Problem statement —
Would you copy the entries that follow exactly, leaving out every picture?

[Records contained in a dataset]
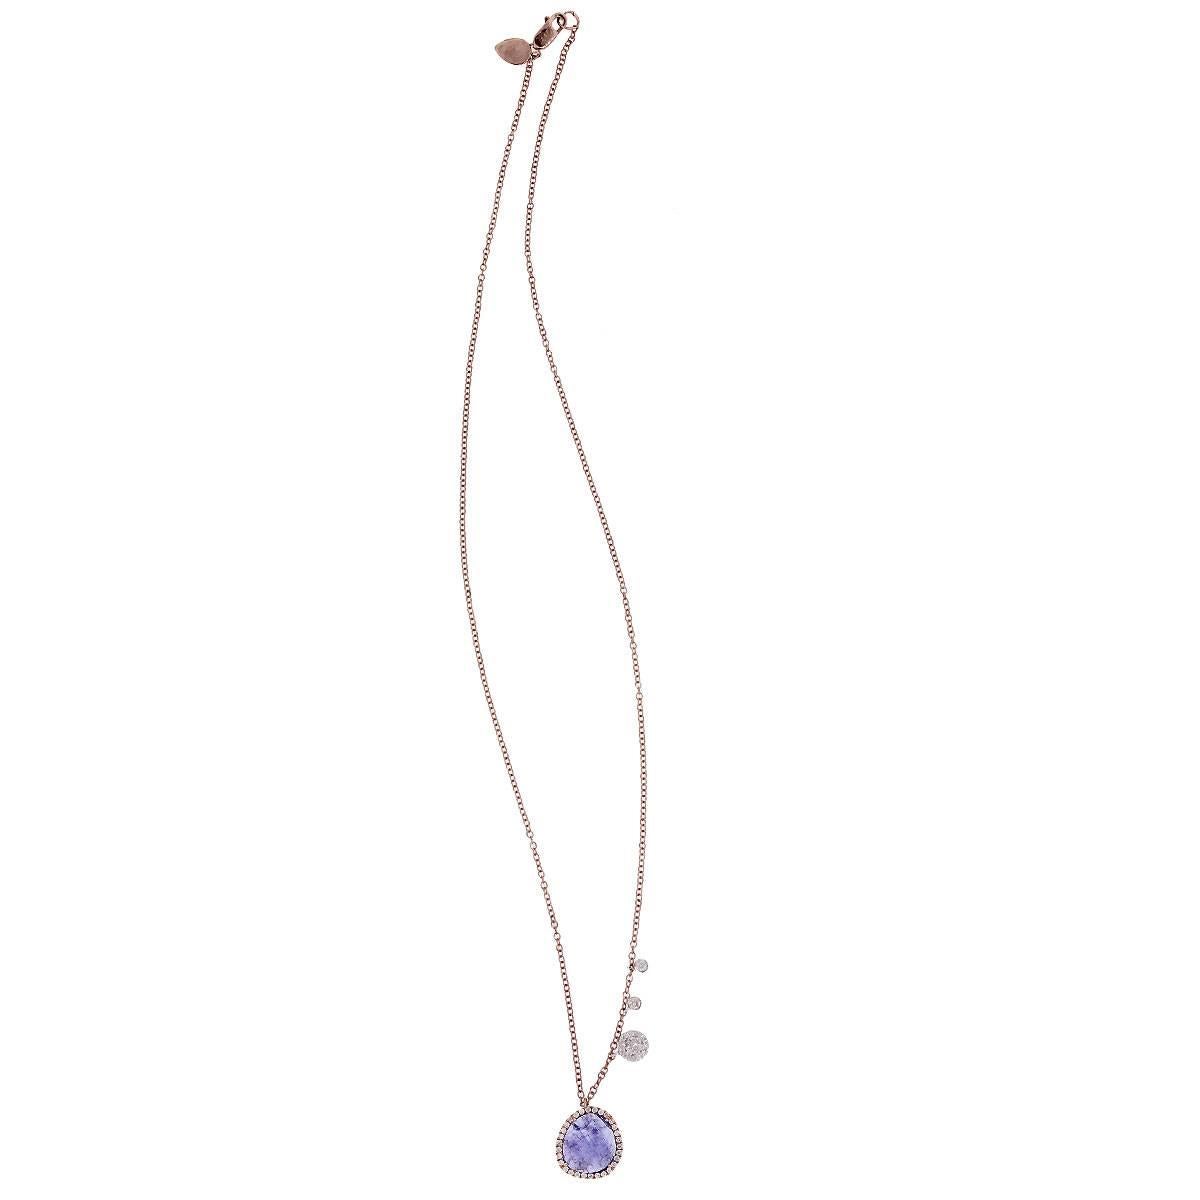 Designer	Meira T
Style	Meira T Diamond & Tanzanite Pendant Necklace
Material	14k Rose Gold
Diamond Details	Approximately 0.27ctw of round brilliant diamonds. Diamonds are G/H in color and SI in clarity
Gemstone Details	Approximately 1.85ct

Response to the task —
 Designer	Meira T
Style	Meira T Diamond & Tanzanite Pendant Necklace
Material	14k Rose Gold
Diamond Details	Approximately 0.27ctw of round brilliant diamonds. Diamonds are G/H in color and SI in clarity
Gemstone Details	Approximately 1.85ct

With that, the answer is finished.